**Problem requirements:**
Repeat, word for word, all the data that follows, and exclude the pictures.

**Collected material:**
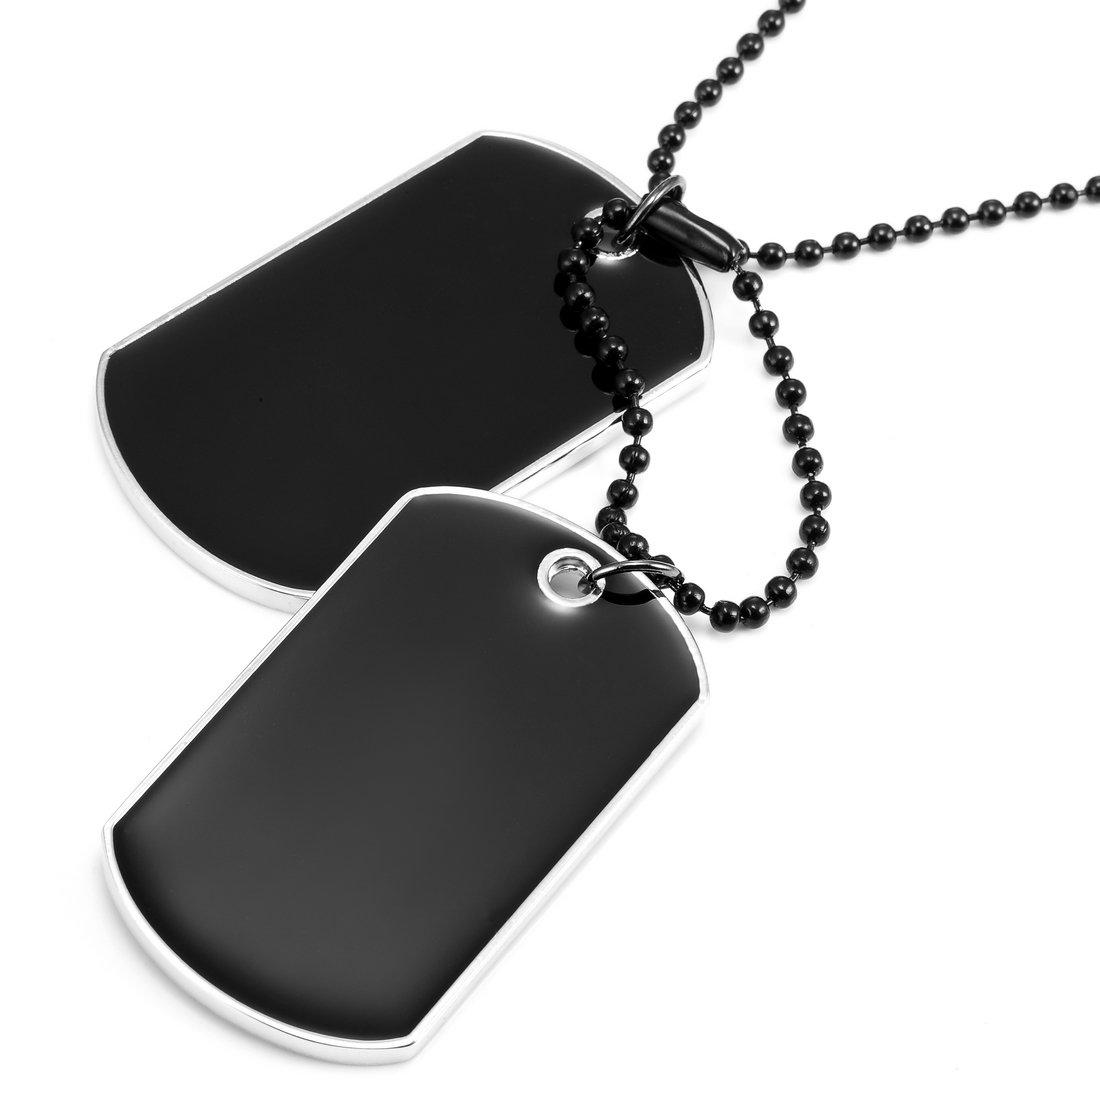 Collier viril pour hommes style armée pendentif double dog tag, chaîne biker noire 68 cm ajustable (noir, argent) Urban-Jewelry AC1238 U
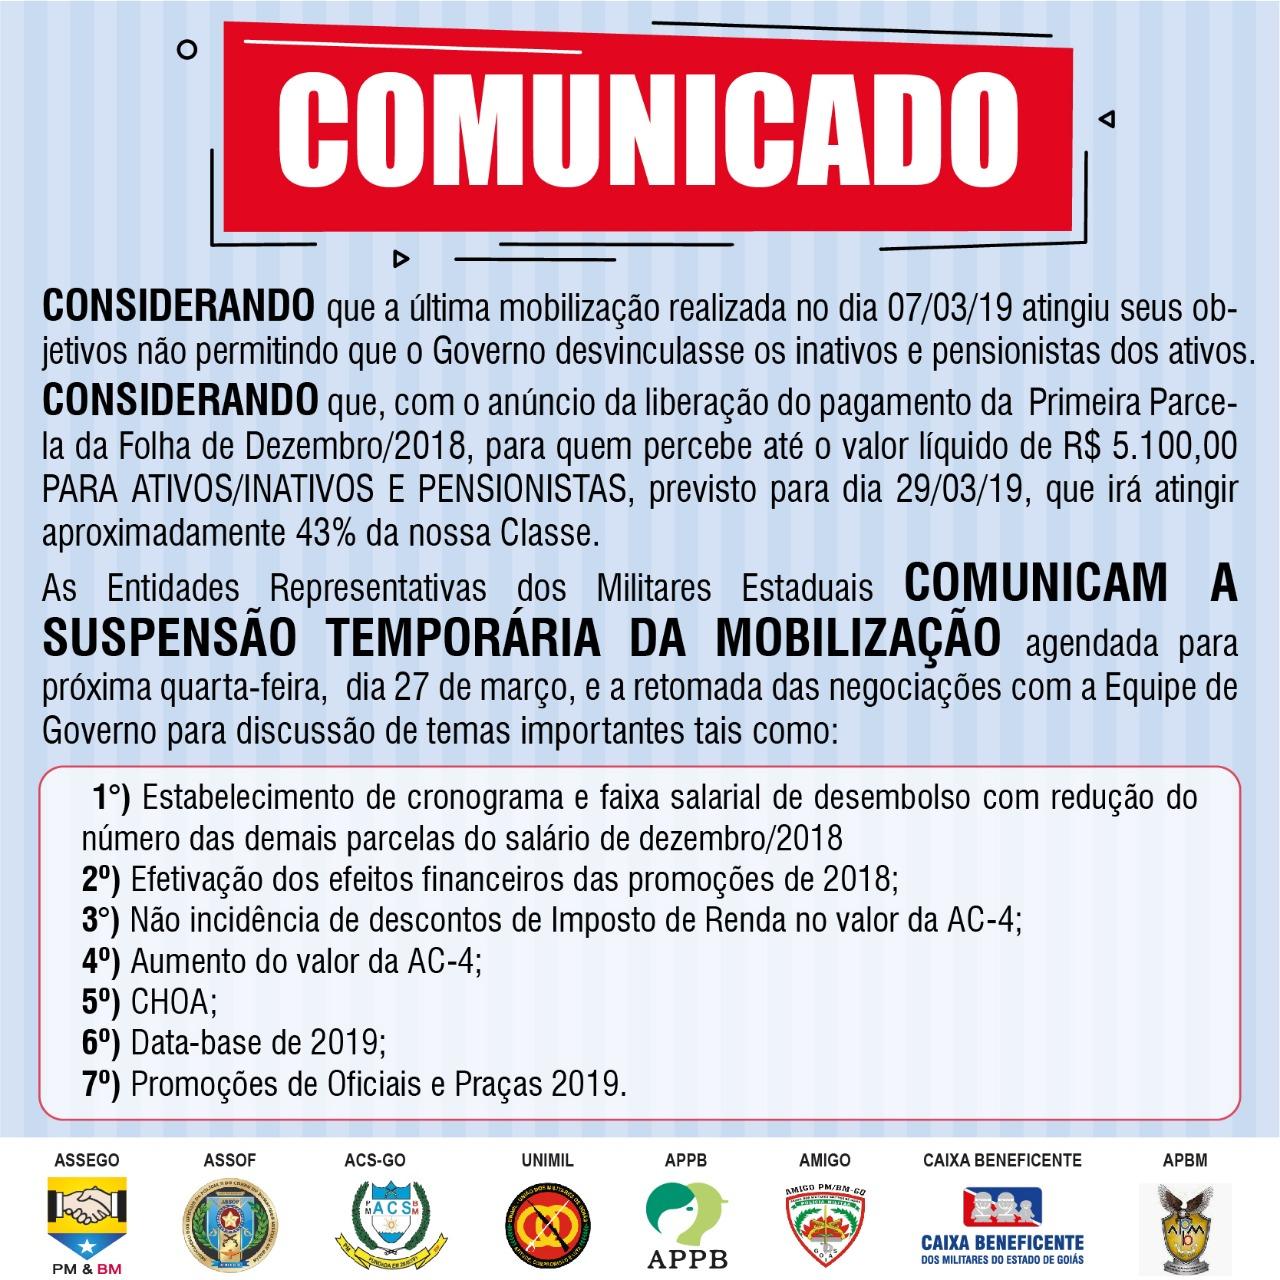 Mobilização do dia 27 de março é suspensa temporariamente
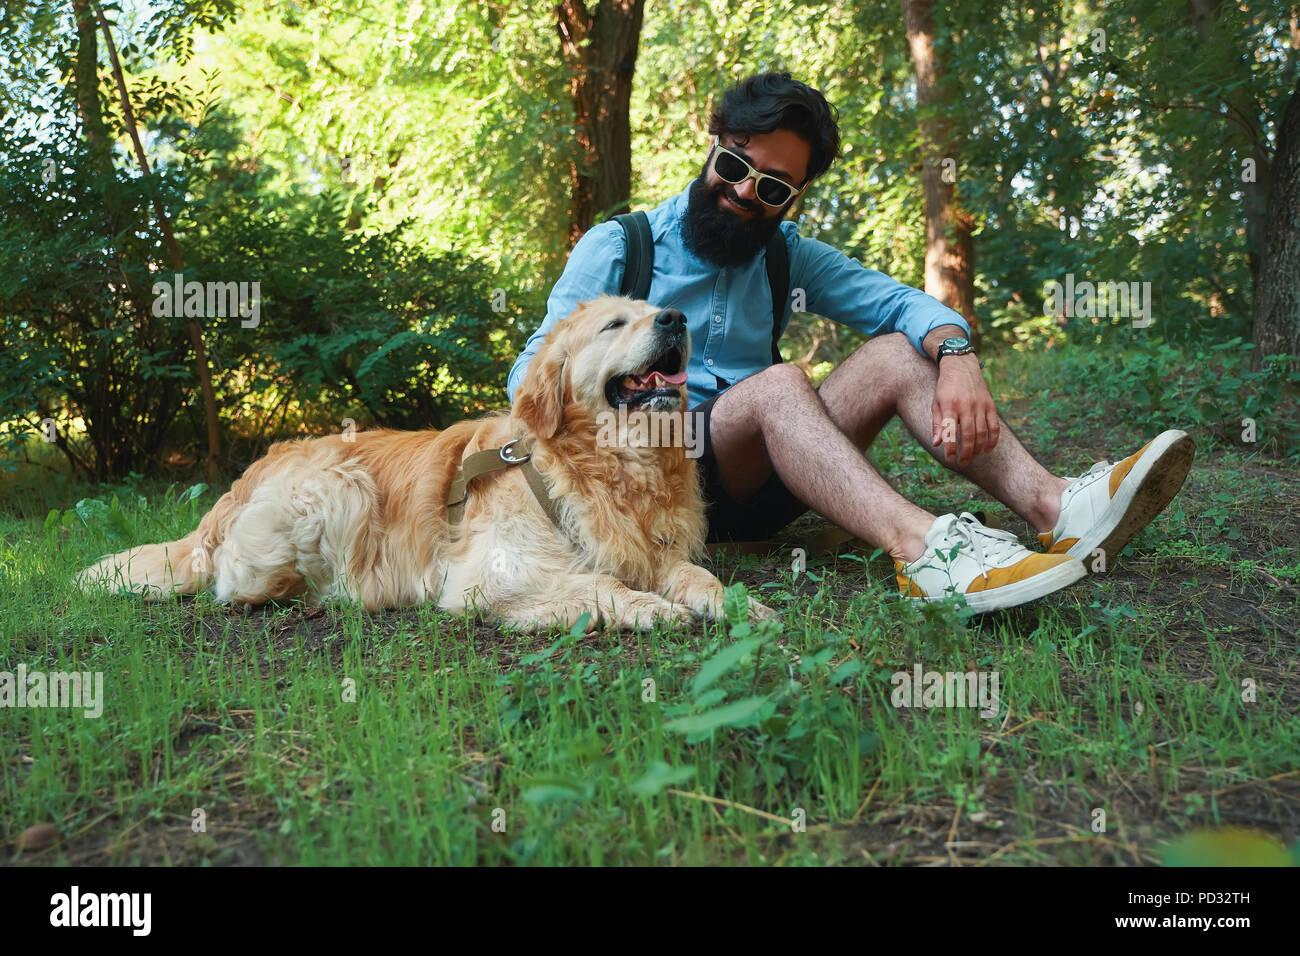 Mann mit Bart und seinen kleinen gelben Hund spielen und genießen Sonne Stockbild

**Your response:**
 Collier viril pour hommes style armée pendentif double dog tag, chaîne biker noire 68 cm ajustable (noir, argent) Urban-Jewelry AC1238 U
 Mobilização do dia 27 de março é suspensa temporariamente
 Mann mit Bart und seinen kleinen gelben Hund spielen und genießen Sonne Stockbild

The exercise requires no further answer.